COLLECTED DATA:
# # # # #
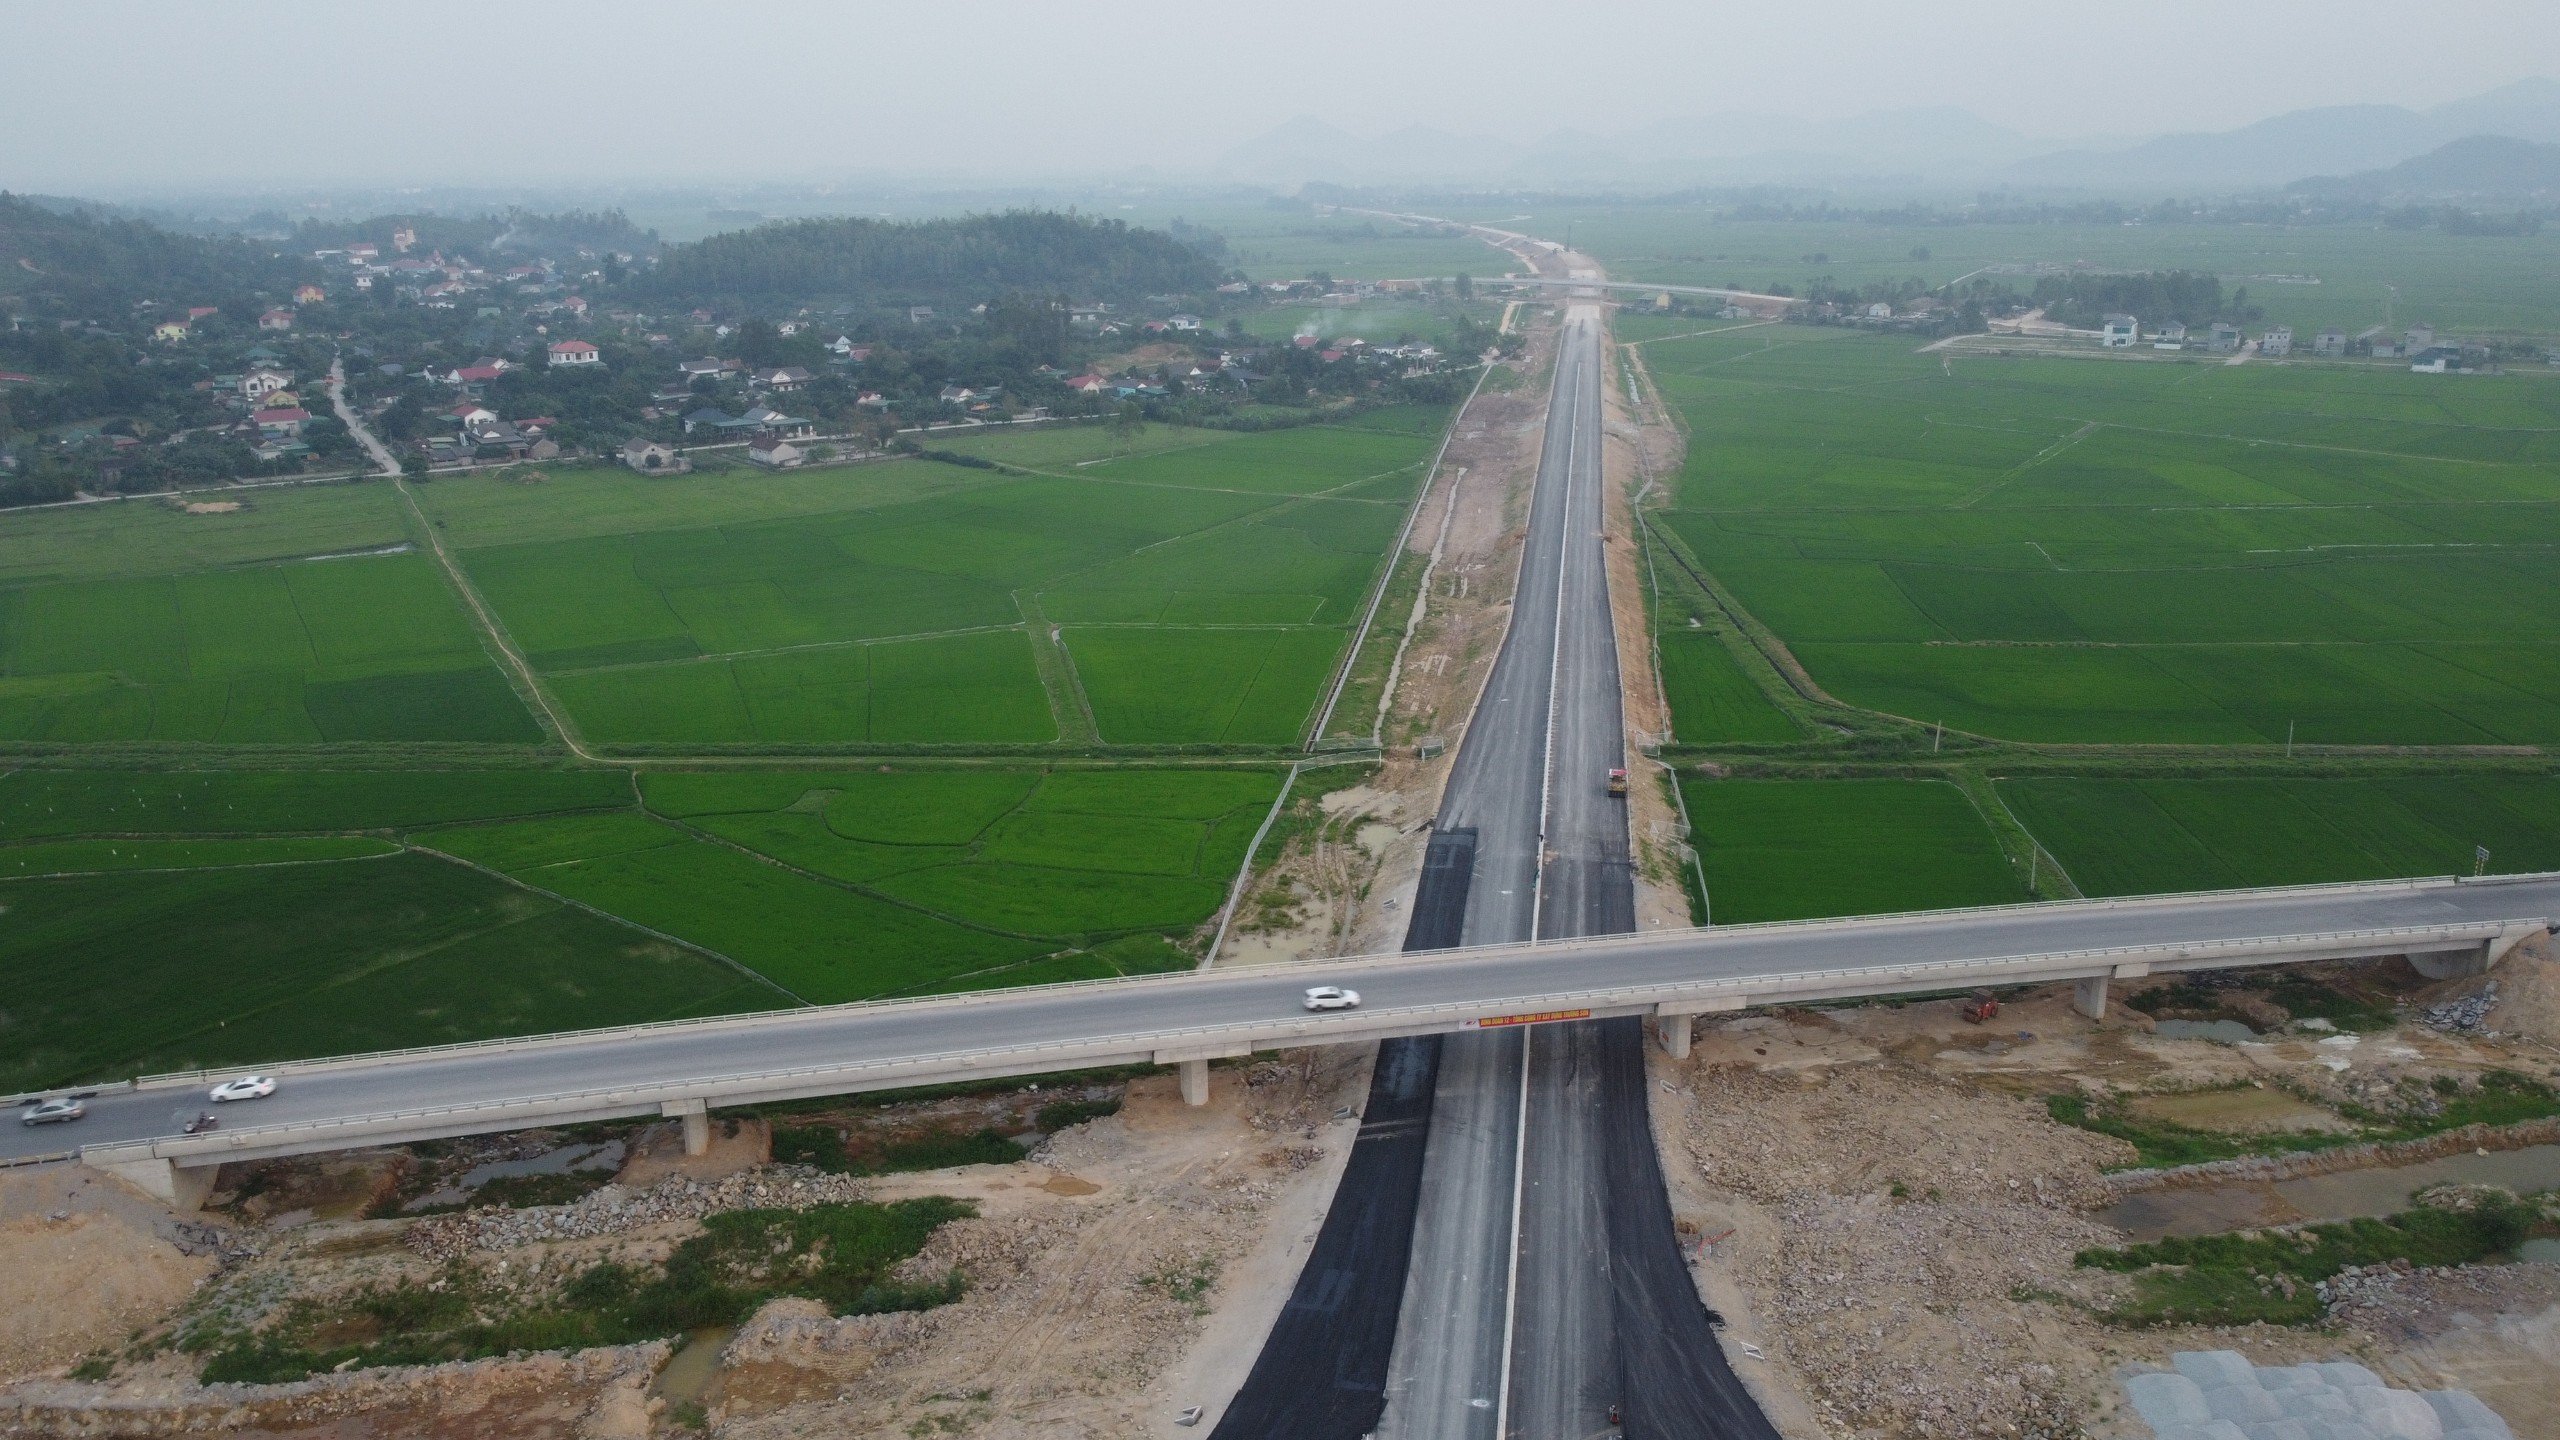 Dự án cao tốc Bắc - Nam phía đông (giai đoạn 2017 - 2020) đoạn Diễn Châu - Bãi Vọt có tổng chiều dài hơn 49 km qua địa bàn 2 tỉnh Nghệ An (44,4 km) và Hà Tĩnh (4,84 km) được thực hiện theo hình thức đối tác công tư (PPP) với tổng mức đầu tư 11.157 tỉ đồng
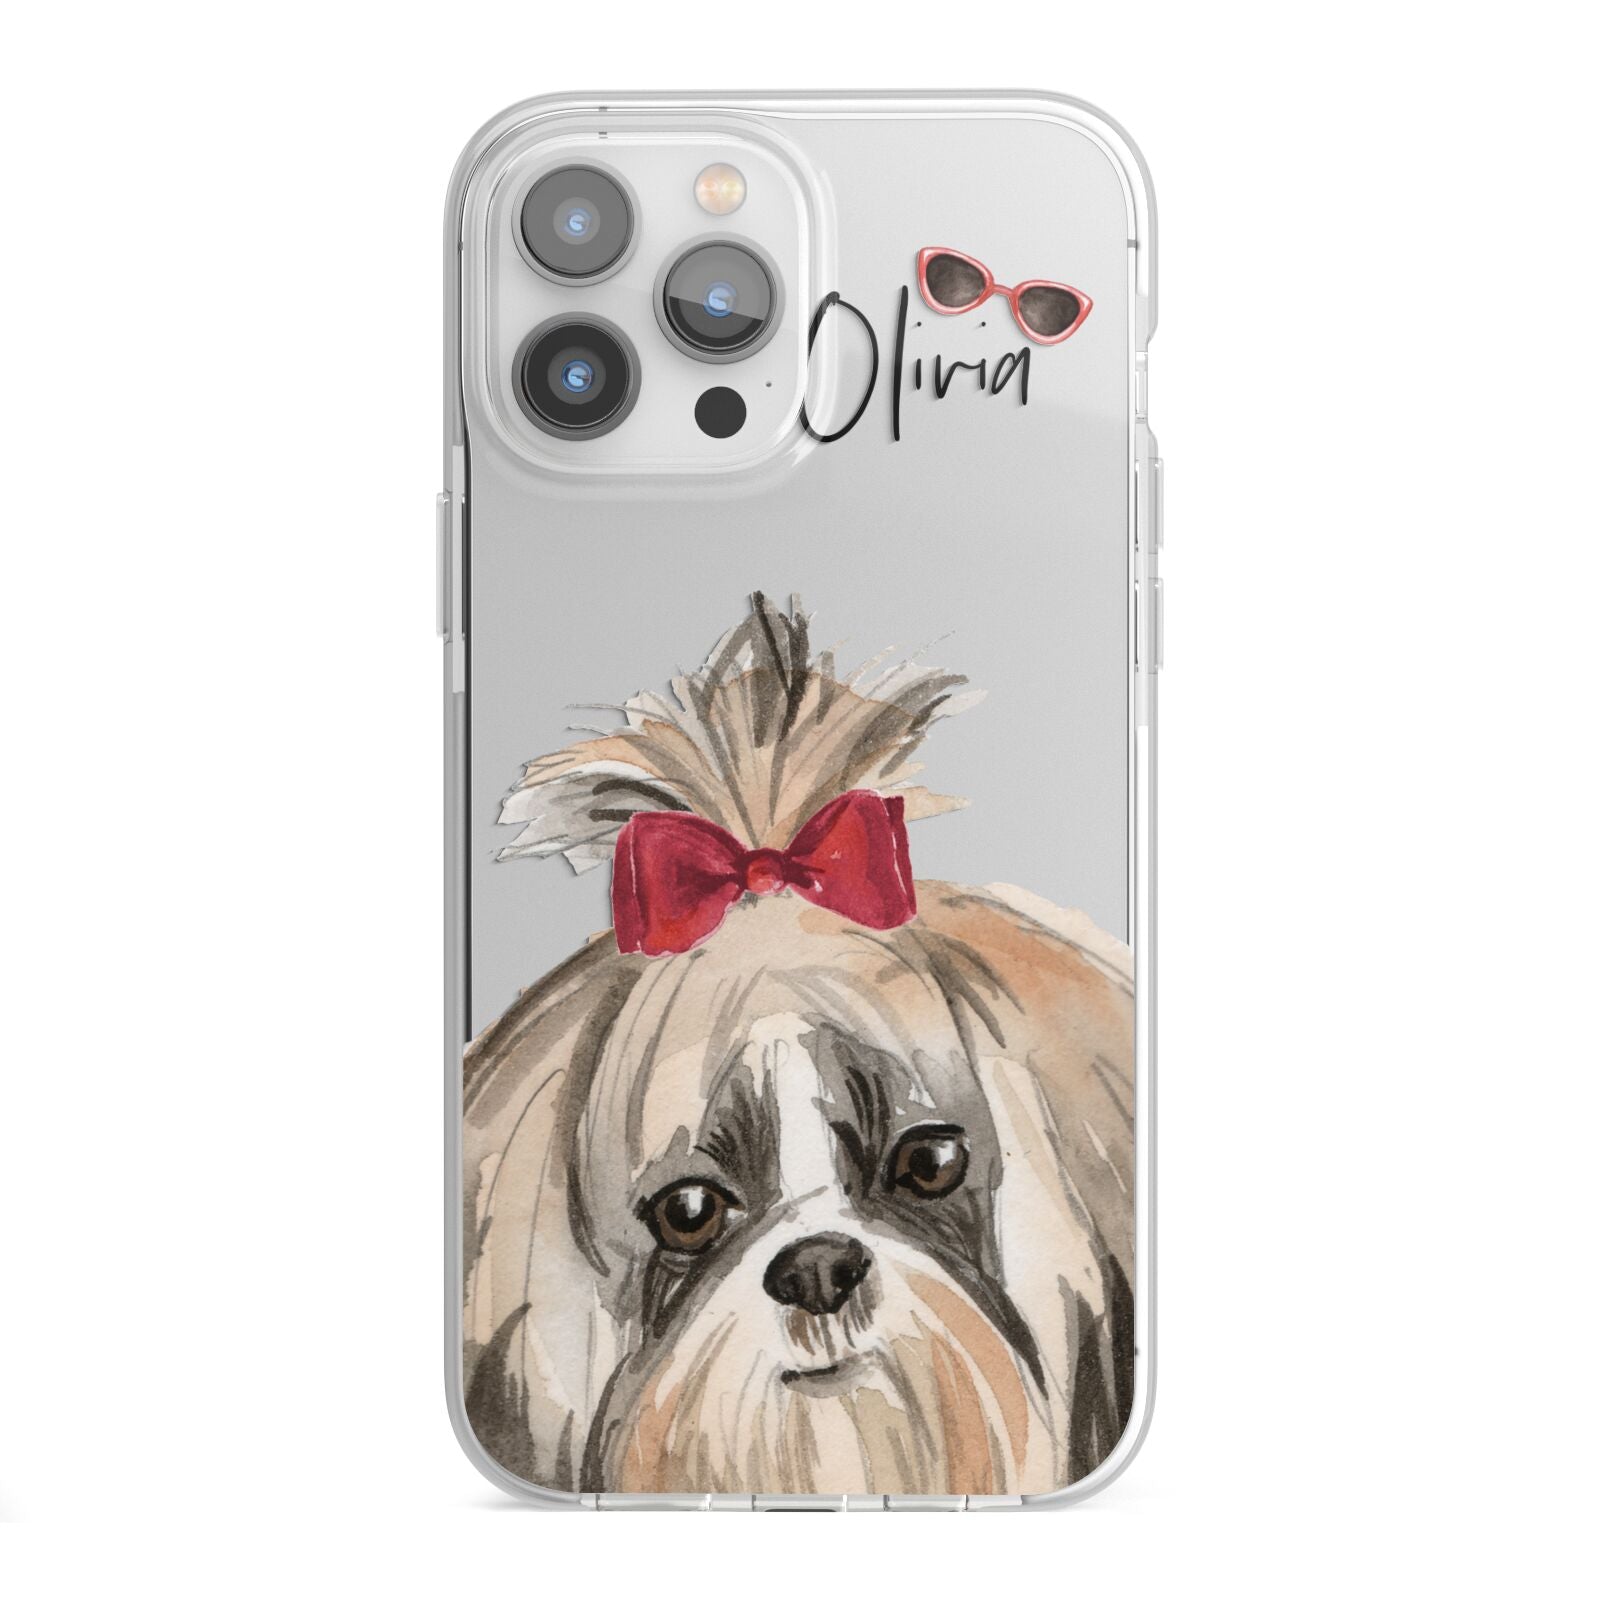 Personalised Shih Tzu Dog iPhone 13 Pro Max TPU Impact Case with White Edges
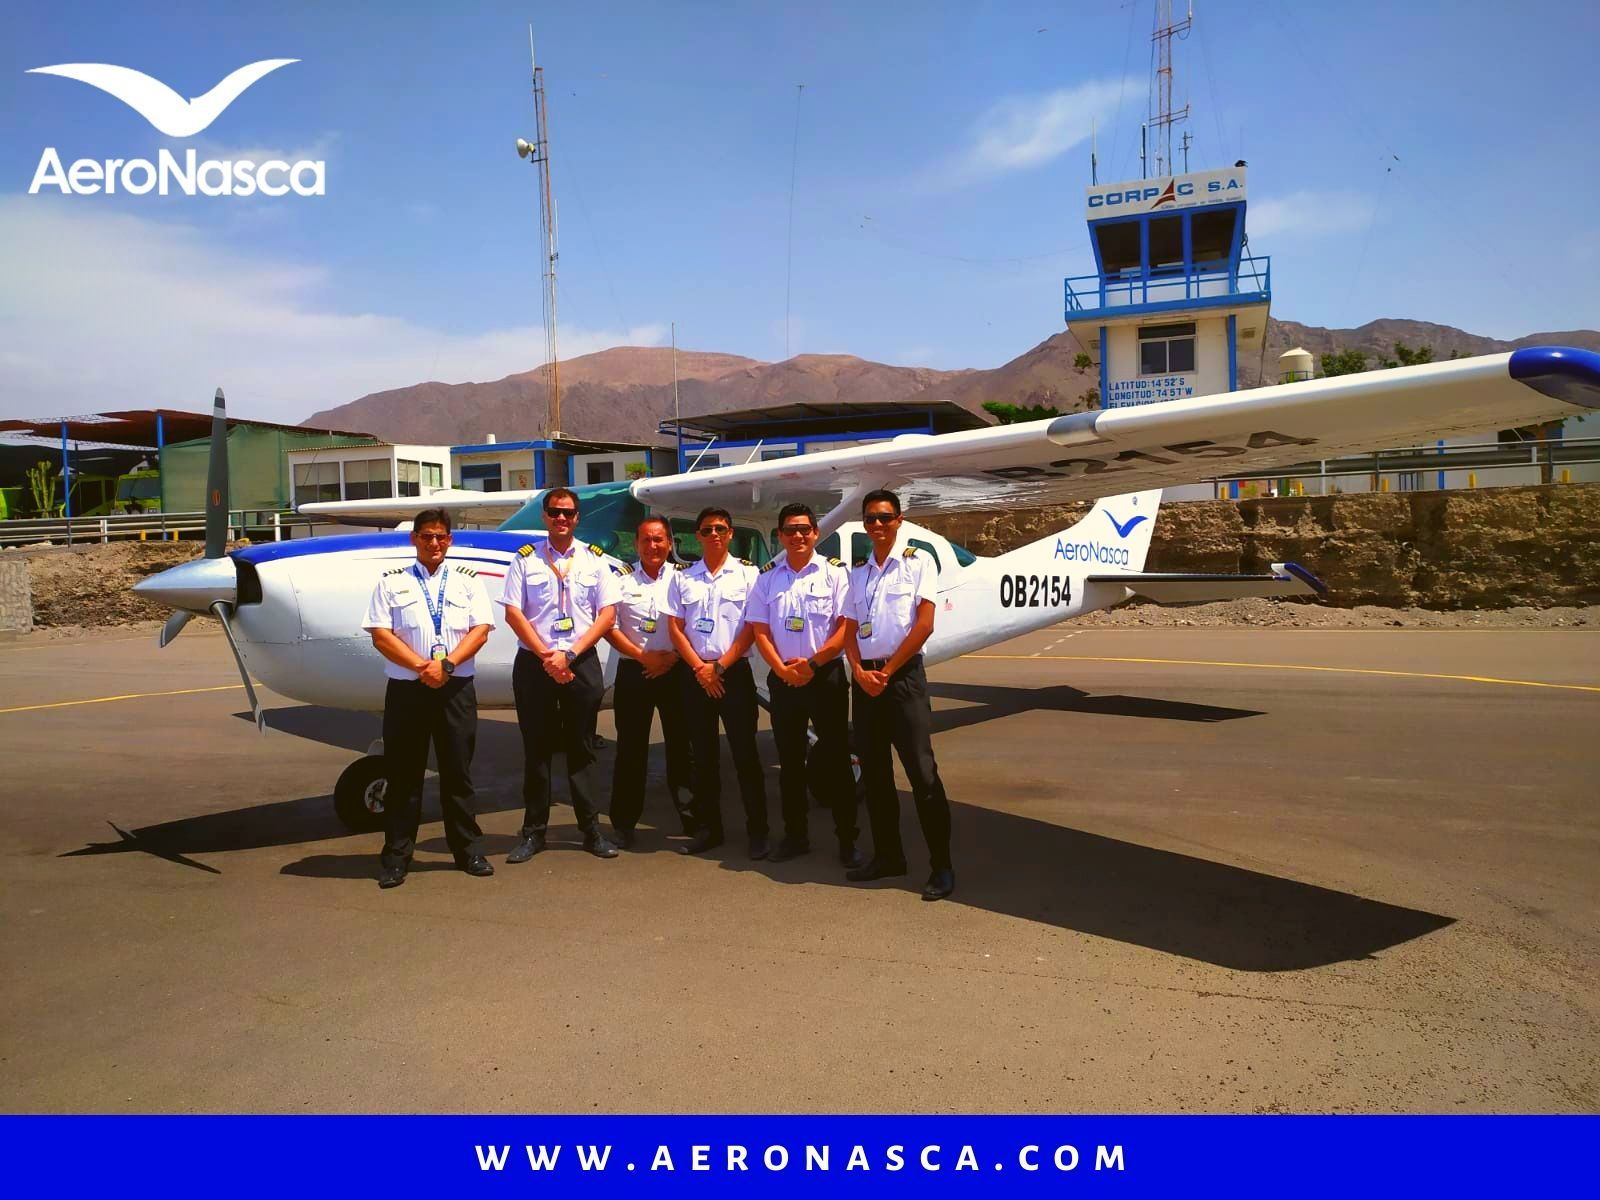 Pilotos de AeroNasca juntos a la AeroNave Cessna
# # # # #
TASK TO CARRY OUT: Please transcribe the listing exactly as it stands, but omit its pictures.

WRITTEN RESPONSE:
 Dự án cao tốc Bắc - Nam phía đông (giai đoạn 2017 - 2020) đoạn Diễn Châu - Bãi Vọt có tổng chiều dài hơn 49 km qua địa bàn 2 tỉnh Nghệ An (44,4 km) và Hà Tĩnh (4,84 km) được thực hiện theo hình thức đối tác công tư (PPP) với tổng mức đầu tư 11.157 tỉ đồng
 Personalised Shih Tzu Dog iPhone 13 Pro Max TPU Impact Case with White Edges
 Pilotos de AeroNasca juntos a la AeroNave Cessna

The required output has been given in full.